Our thesis is that these documents contain collective memories of the mother-goddess religion. Authors belonging to a more complex culture-context would have been too preoccupied with the possibility that Abraham might be misunderstood as a pimp and Sarah as a prostitute. Therefore, they would have shied away from recording such events as Sarah’s stay with Pharaoh or her visit to Abimelech’s palace.

F Religion: The Male Deity. The Ten Commandments of the Old Testament are the charter of the patrilineal family. The father’s fear of disloyal or even rebellious offspring is answered by the words: “Honor your father and your mother, that you may have a long life” (Exodus 20:12.) This commandment is repeated elsewhere more explicitly: “Whoever strikes his father or mother shall be put to death—Whoever curses his father or mother shall be put to death.” (Exodus 21:15, 17.) The authority of the mother, apart from having firm foundations in less complex family types, could rest on the small child’s physical dependence. The father’s authority depends more on religious and legal support. Therefore these threatening verses help stabilize the institution of fatherhood. The source of these commands, Israel’s God, himself appears as a father. He also forbids adultery, because it is an attack against the basis for the institution of fatherhood: female chastity.

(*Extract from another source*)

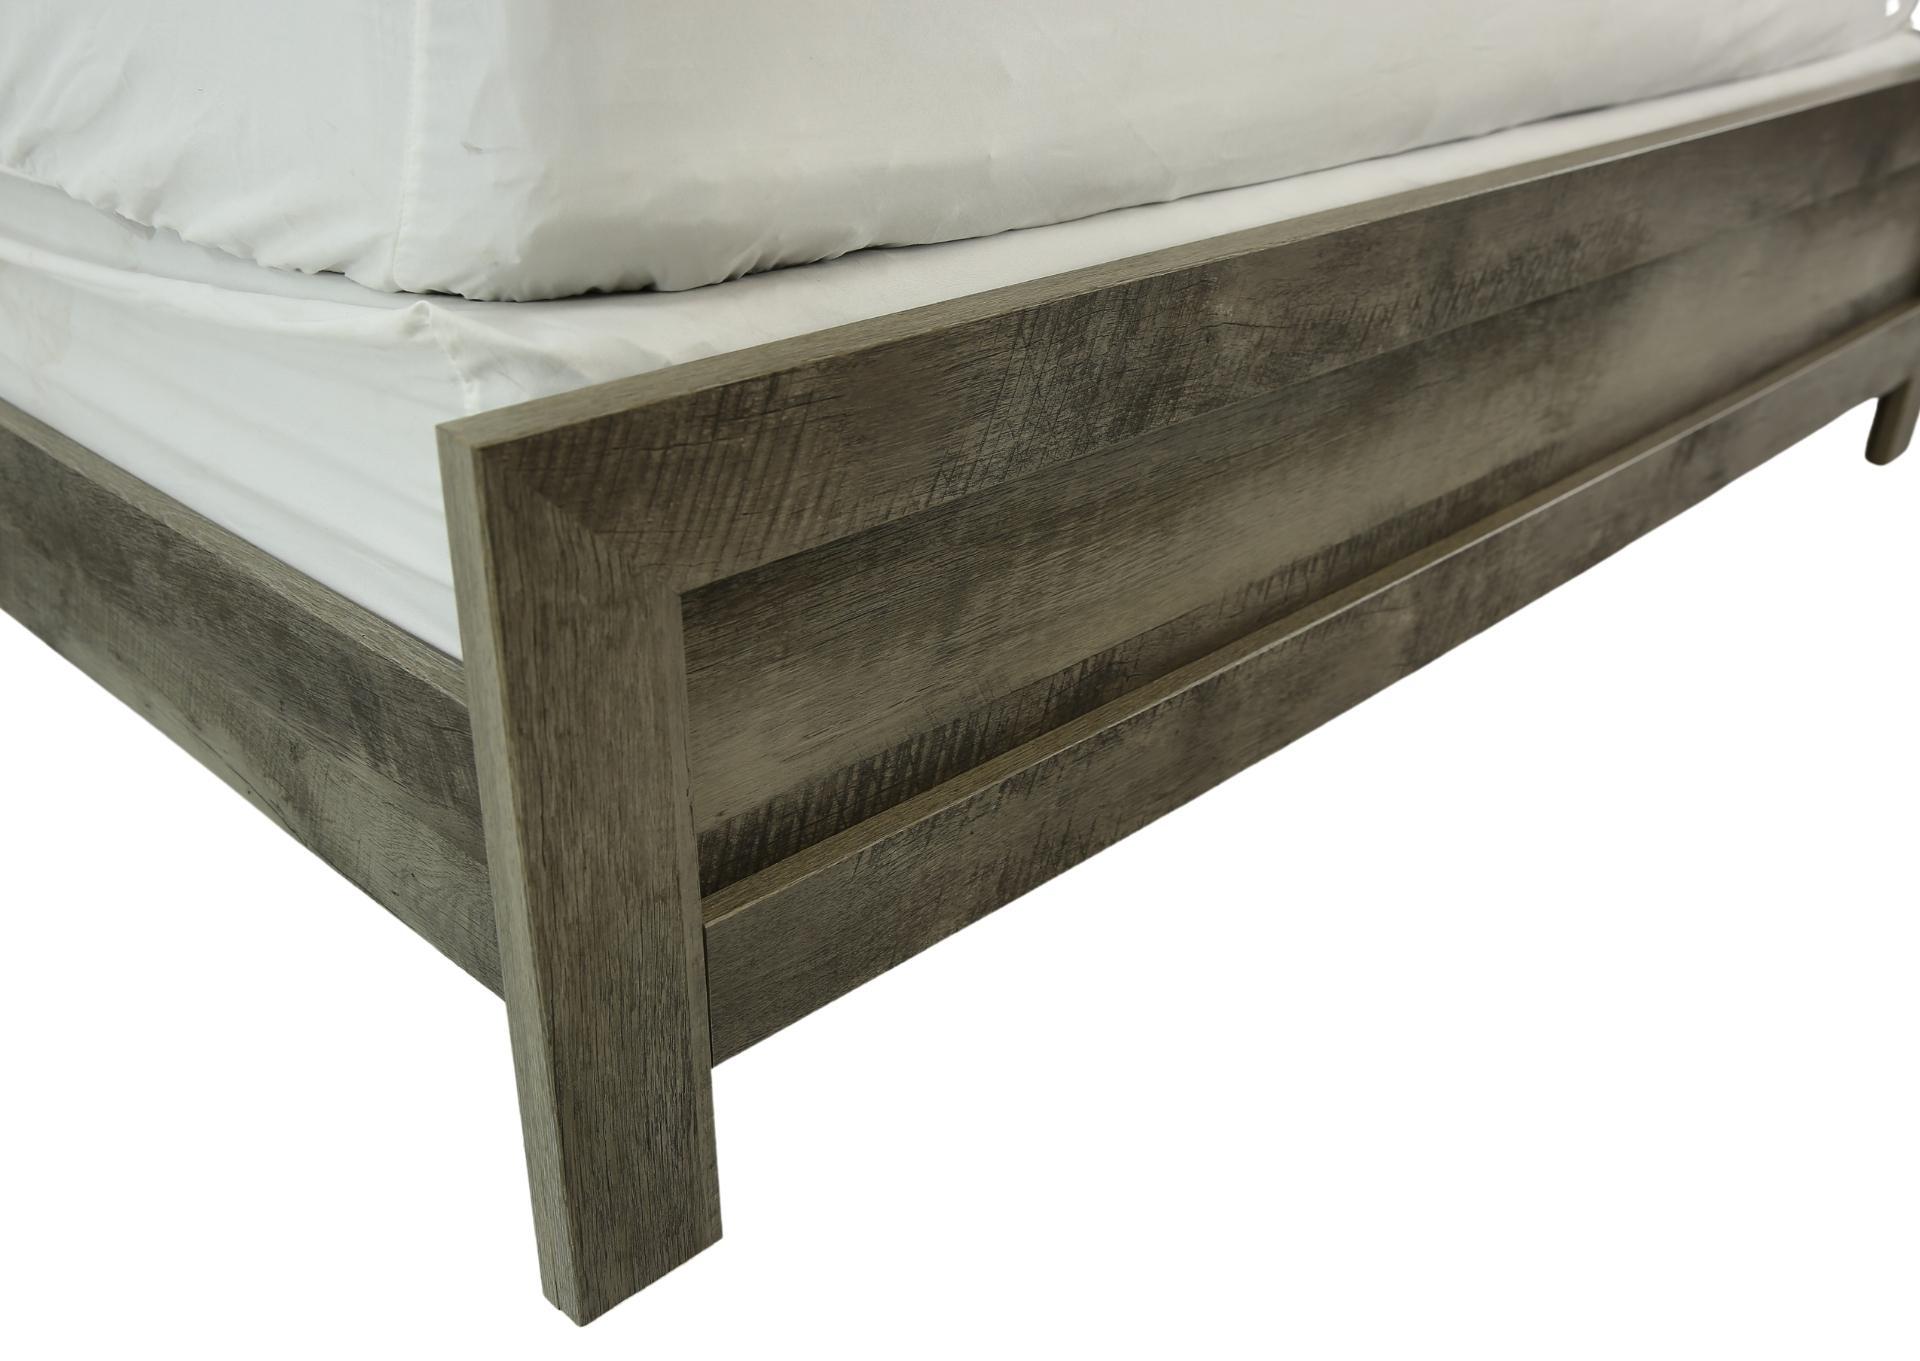 LANGSTON QUEEN BED,KITH FURNITURE

Abraham then becomes the pioneer of a father-culture by recognizing in god the fertility-deity El Shaddai, and by receiving from that deity, whom he makes his personal god, the promise of fertility for himself, a man. Male fertility, which among pastoralists had been known merely as a physical reality, is thus defined as a sacred gift. This development of a religiously founded concept of fatherhood out of and yet in the continuity of the mother-deity was later forgotten and repressed in Israel’s long periods of strife with heathenish cults. In consequence, one of the most fascinating chapters in the history of religion remains obscure and unresearched.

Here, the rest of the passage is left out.